[Work request] Any pictures in the records below must be left out when you repeat the lines from the line containing "Goldfarben, 2 x 5 cm" through the line containing "Монета 50 копеек" exactly.

[Supplied records]
═══

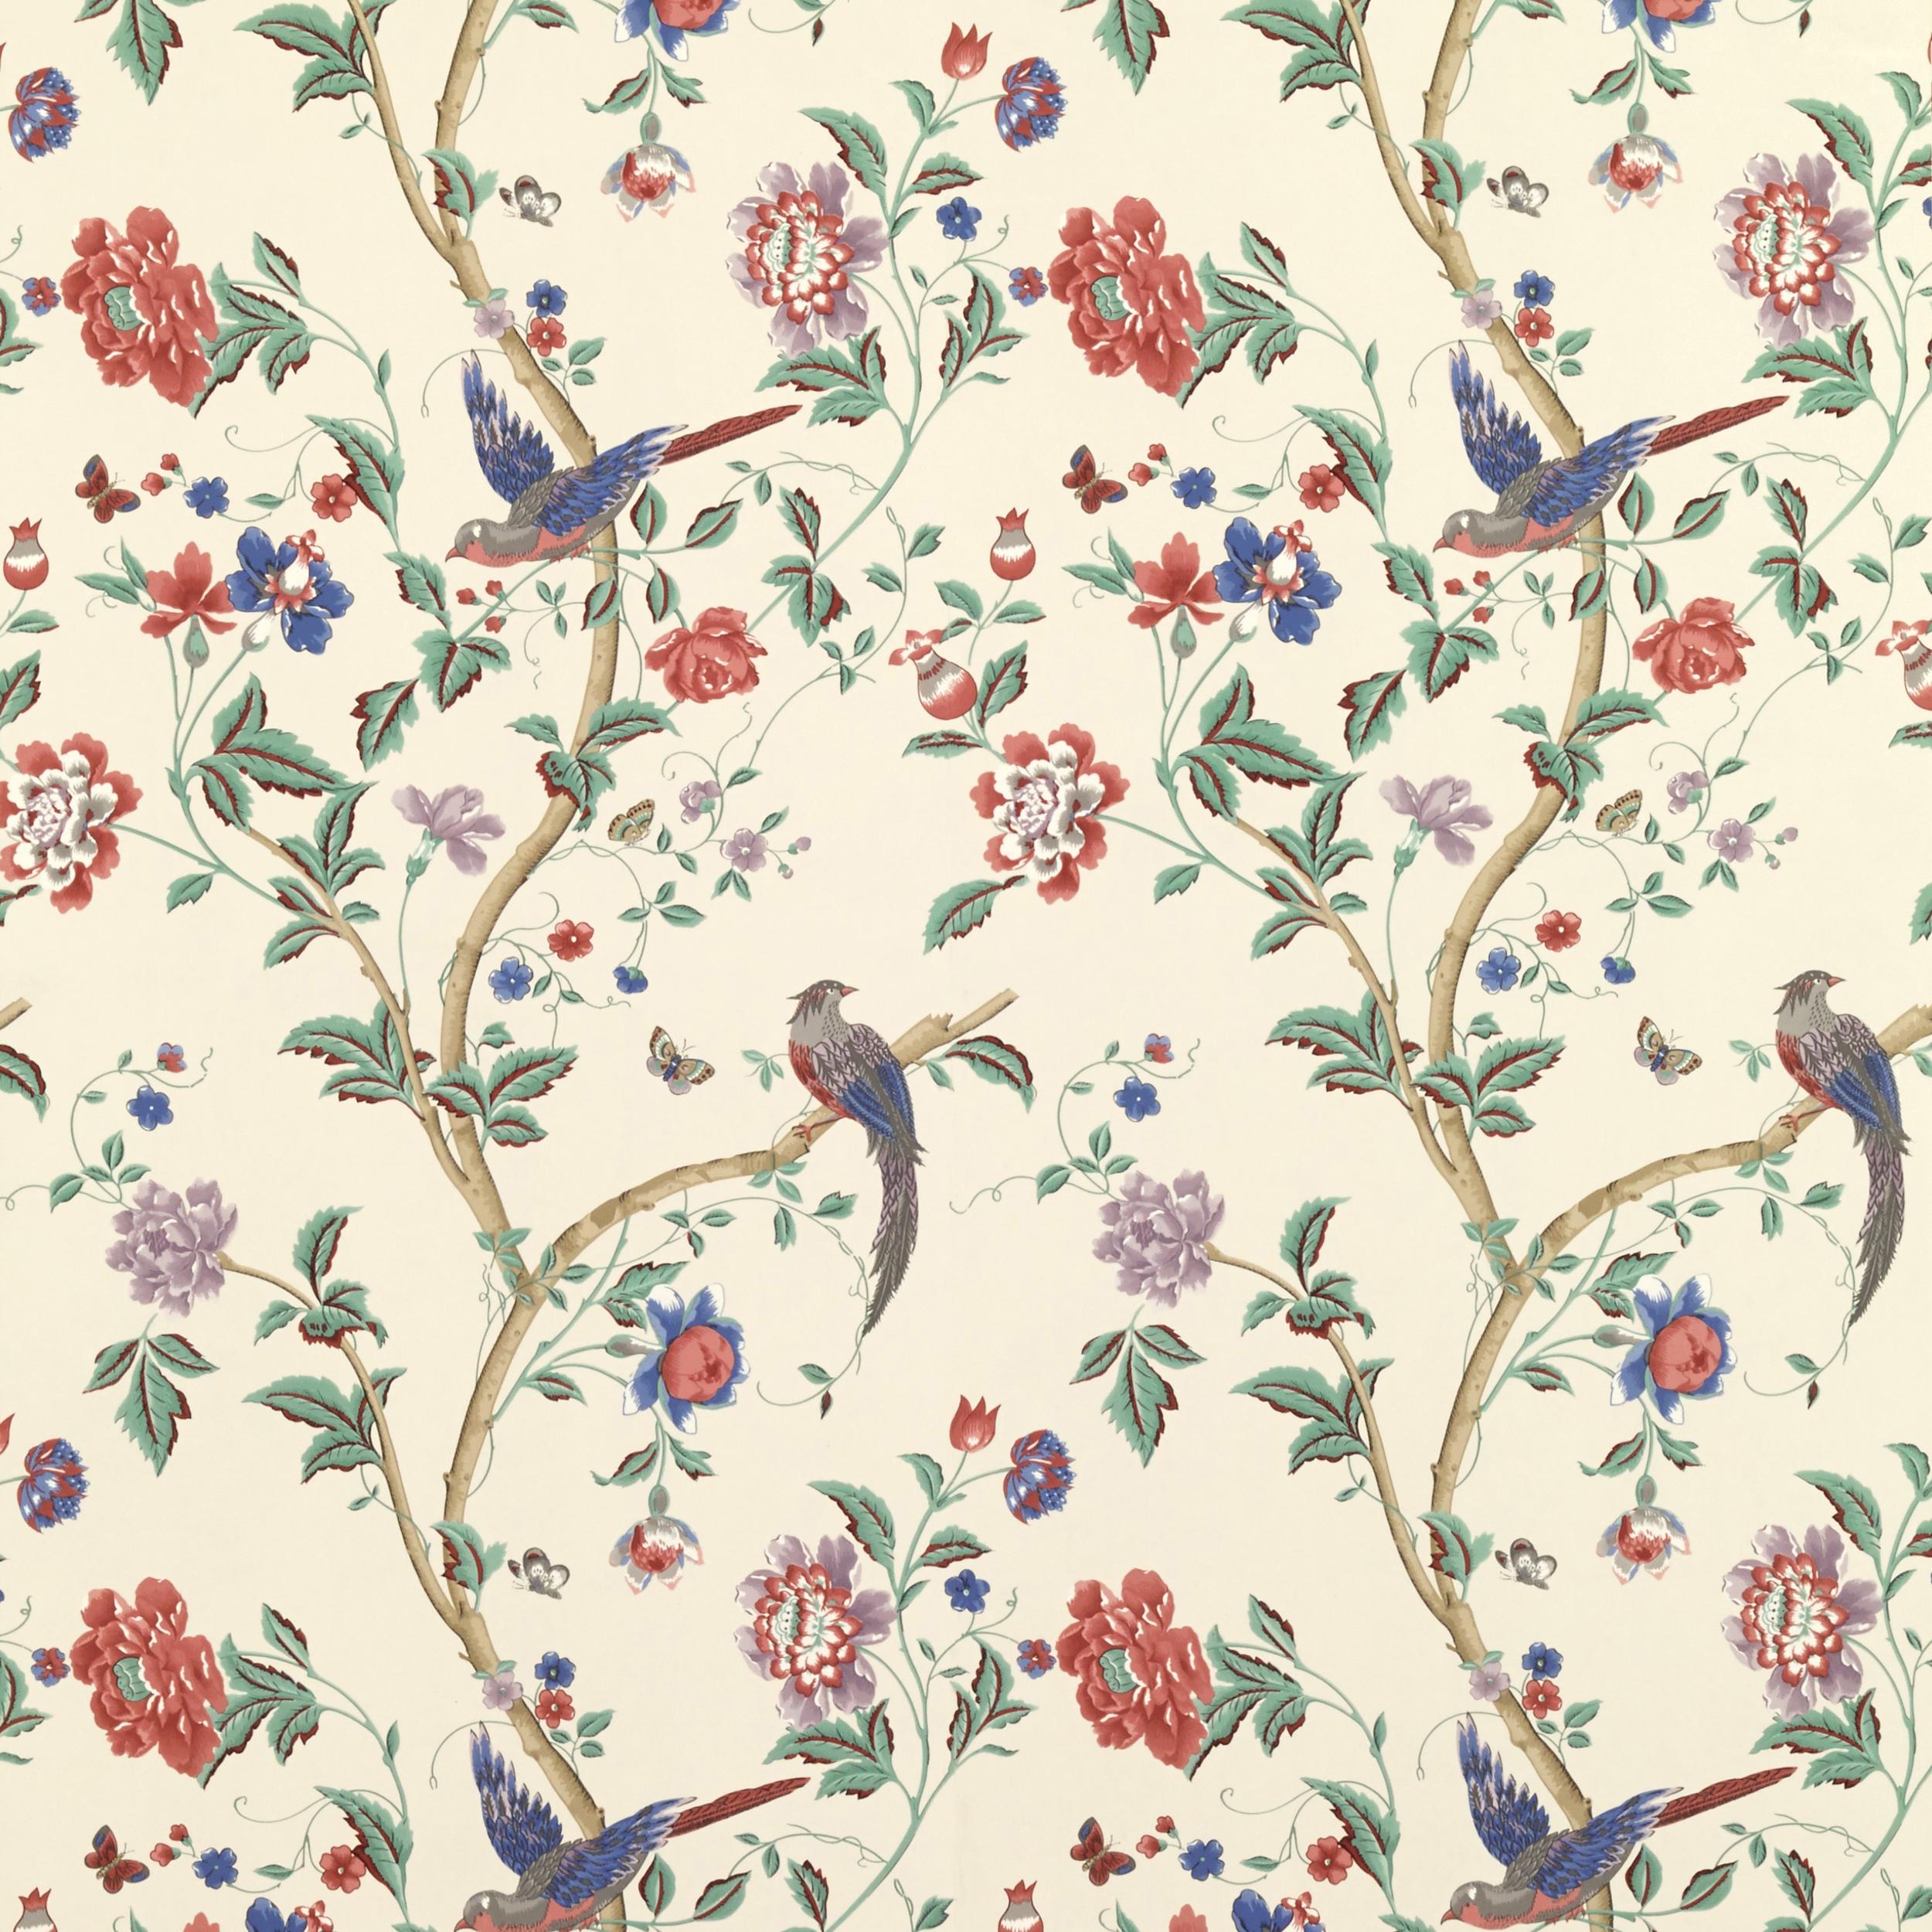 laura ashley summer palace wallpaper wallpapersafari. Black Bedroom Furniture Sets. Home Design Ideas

═══

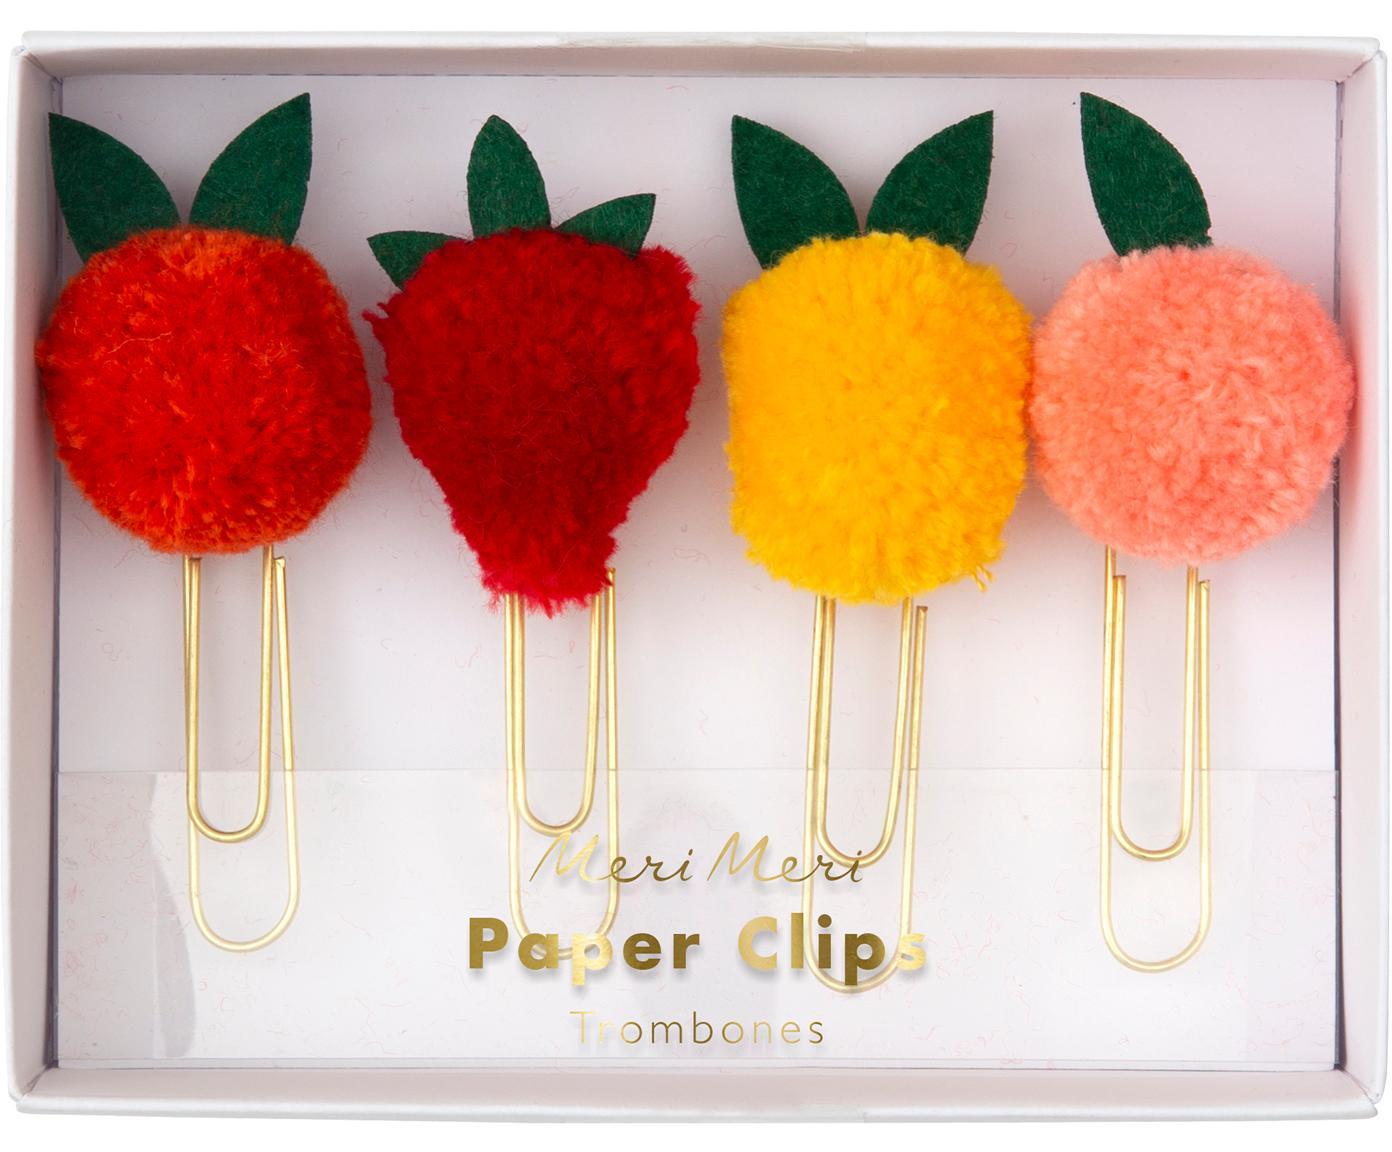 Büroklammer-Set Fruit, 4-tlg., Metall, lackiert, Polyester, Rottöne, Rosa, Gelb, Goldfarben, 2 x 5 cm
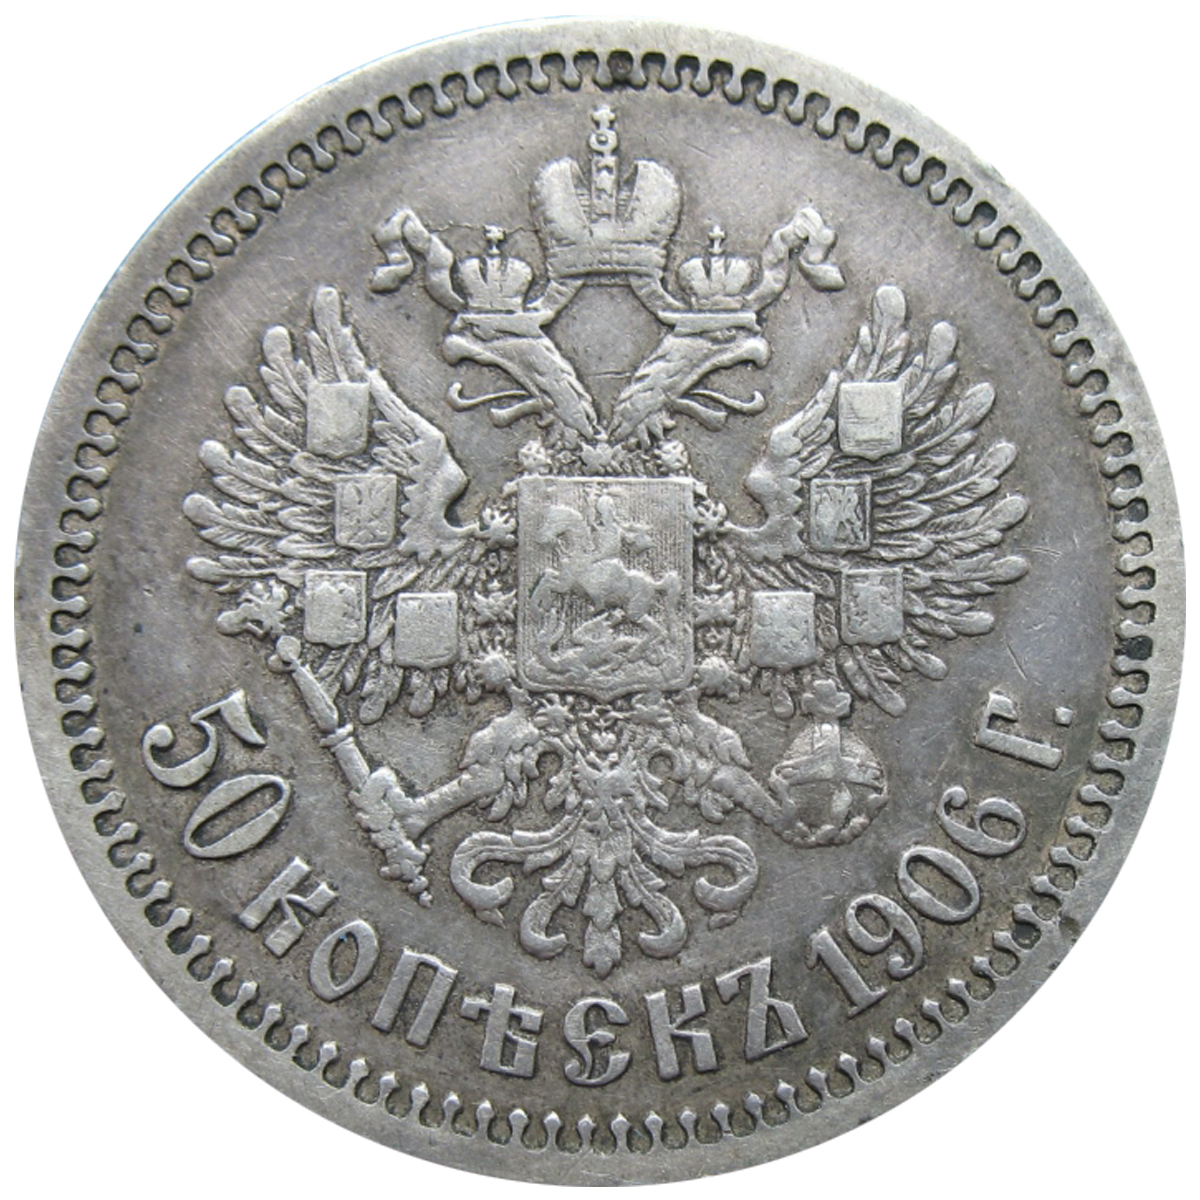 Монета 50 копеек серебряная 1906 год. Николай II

═══

[Solved exercise]
 Büroklammer-Set Fruit, 4-tlg., Metall, lackiert, Polyester, Rottöne, Rosa, Gelb, Goldfarben, 2 x 5 cm
 Монета 50 копеек серебряная 1906 год. Николай II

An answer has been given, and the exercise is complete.